Only the `en_core_web_lg` model has word vectors, so we need to load that. Fortunately, we can disable basically all the components to make it faster.  _Note:_ I've often found that, for reasons I don't entirely understand yet, using `n_process` with `nlp.pipe()` for vectorization seems to slow things down a lot.  So, we'll go single-threaded here.

In [2]:
import numpy as np
import spacy
from tqdm.notebook import tqdm

nlp = spacy.load("en_core_web_lg")
train_x = np.array([
    # make_doc() will apply vectors, so we'll use it for speed
    nlp.make_doc(i).vector
    for i in tqdm(train["reviewText"])
])
test_x = np.array([
    nlp.make_doc(i).vector
    for i in tqdm(test["reviewText"])
])

  0%|          | 0/18000 [00:00<?, ?it/s]

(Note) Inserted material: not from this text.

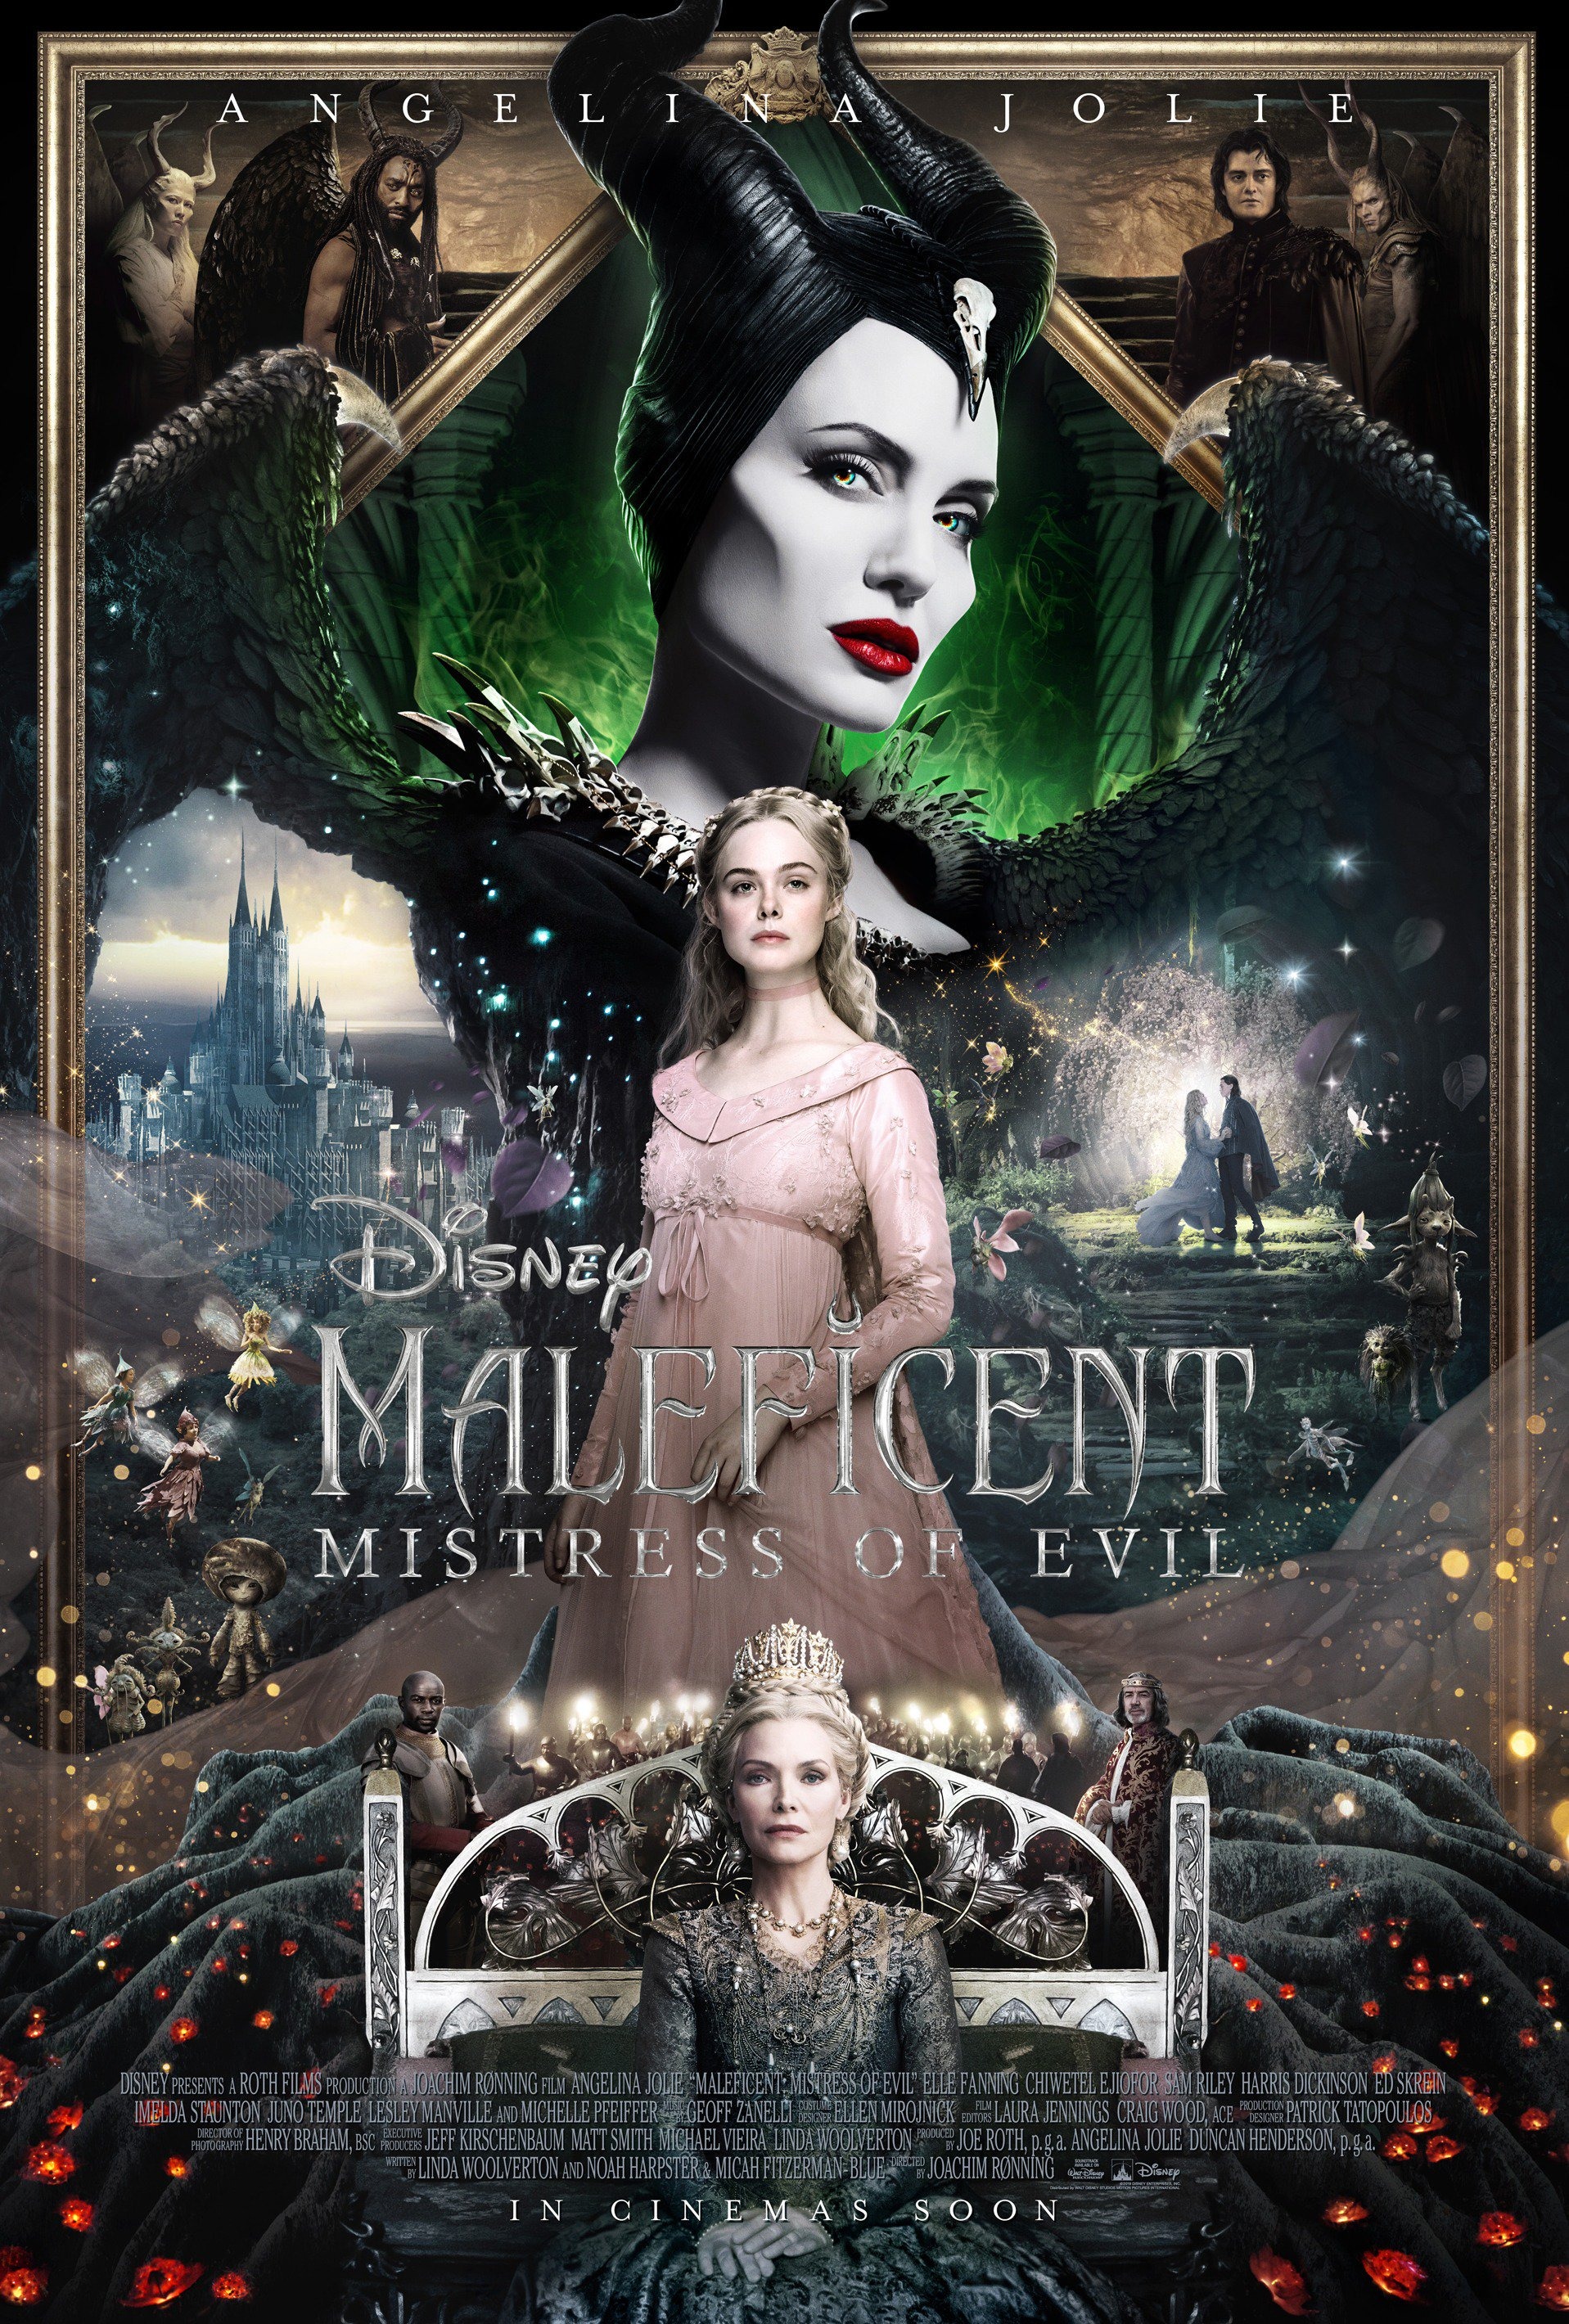 Mega Sized Movie Poster Image for Maleficent: Mistress of Evil (#16 of 16)

  0%|          | 0/42000 [00:00<?, ?it/s]

In [5]:
from sklearn.preprocessing import StandardScaler
from sklearn.pipeline import Pipeline
from sklearn.svm import LinearSVC
from sklearn import metrics

clf = Pipeline([
    ("scaler", StandardScaler()),
    ("classifier", LinearSVC(random_state=0, max_iter=2_000)),
])
%time clf.fit(train_x, train["overall"])
test["Predictions"] = clf.predict(test_x)

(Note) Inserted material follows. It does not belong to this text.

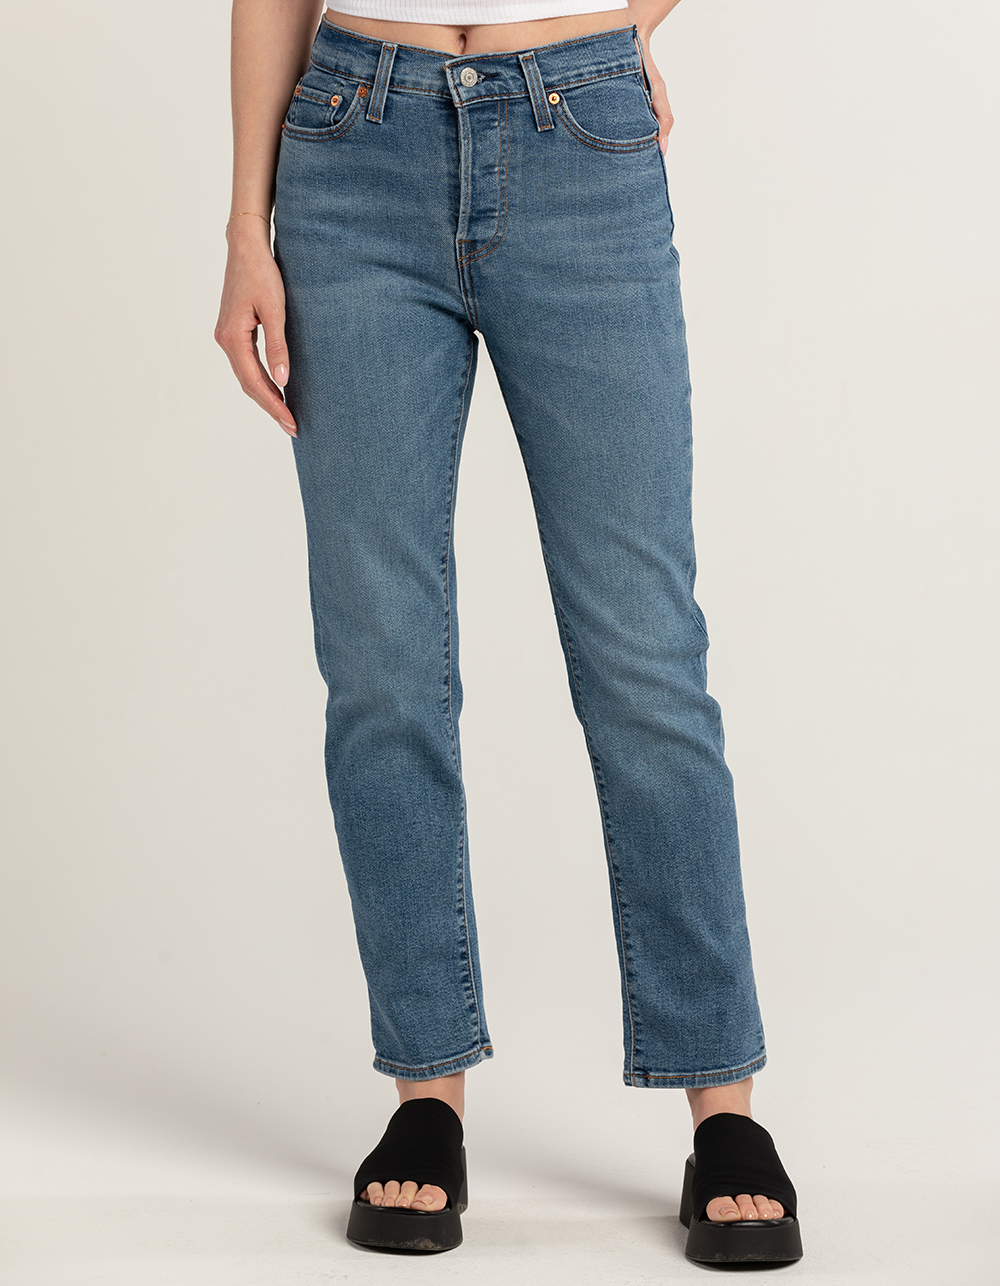 LEVI'S Wedgie Straight Womens Jeans - Summer Love In The Mist - MED BLAST

# Calculate a few different F1 scores.
overall_f1 = metrics.f1_score(test["overall"], test["Predictions"], average="macro")
print(f"Overall F1 score: {overall_f1}")

for product_category, results in test.groupby("productCategory"):
    f1 = metrics.f1_score(results["overall"], results["Predictions"], average="macro")
    print(f"{product_category}-specific F1 score: {f1}")



CPU times: total: 22.2 s
Wall time: 22.2 s
Overall F1 score: 0.787759197608813
Clothing and Jewelry-specific F1 score: 0.7893347345330886
Electronics-specific F1 score: 0.8023999649822723
Video Games-specific F1 score: 0.783445178481015


Even though the accuracy may seem to have gone down a bit compared to the bag of words approach, there are actually a _lot_ of benefits to this sort of dense vector representation.  Mostly, it allows much better generalizeability.  Bag-of-words has a problem in that every word is orthogonal to every other word: the difference between "cat" and "dog" is the same as the distance between "cat" and "nuclear."  In a dense representation, this is not necessarily true:

In [4]:
cat = nlp("cat")
dog = nlp("dog")
nuclear = nlp("nuclear")
print(cat.similarity(dog))
print(cat.similarity(nuclear))

0.8016854705531046
0.1296658079441922


(This results not from the denseness itself, but rather, from the way that these dense representations have been trained).  So, by using these kinds of representations, our model can better generalize to words that weren't seen during training, but which have vectors in the vector model.  This lets us provide a bit of "prior knowledge" to the models, which can be extremely useful.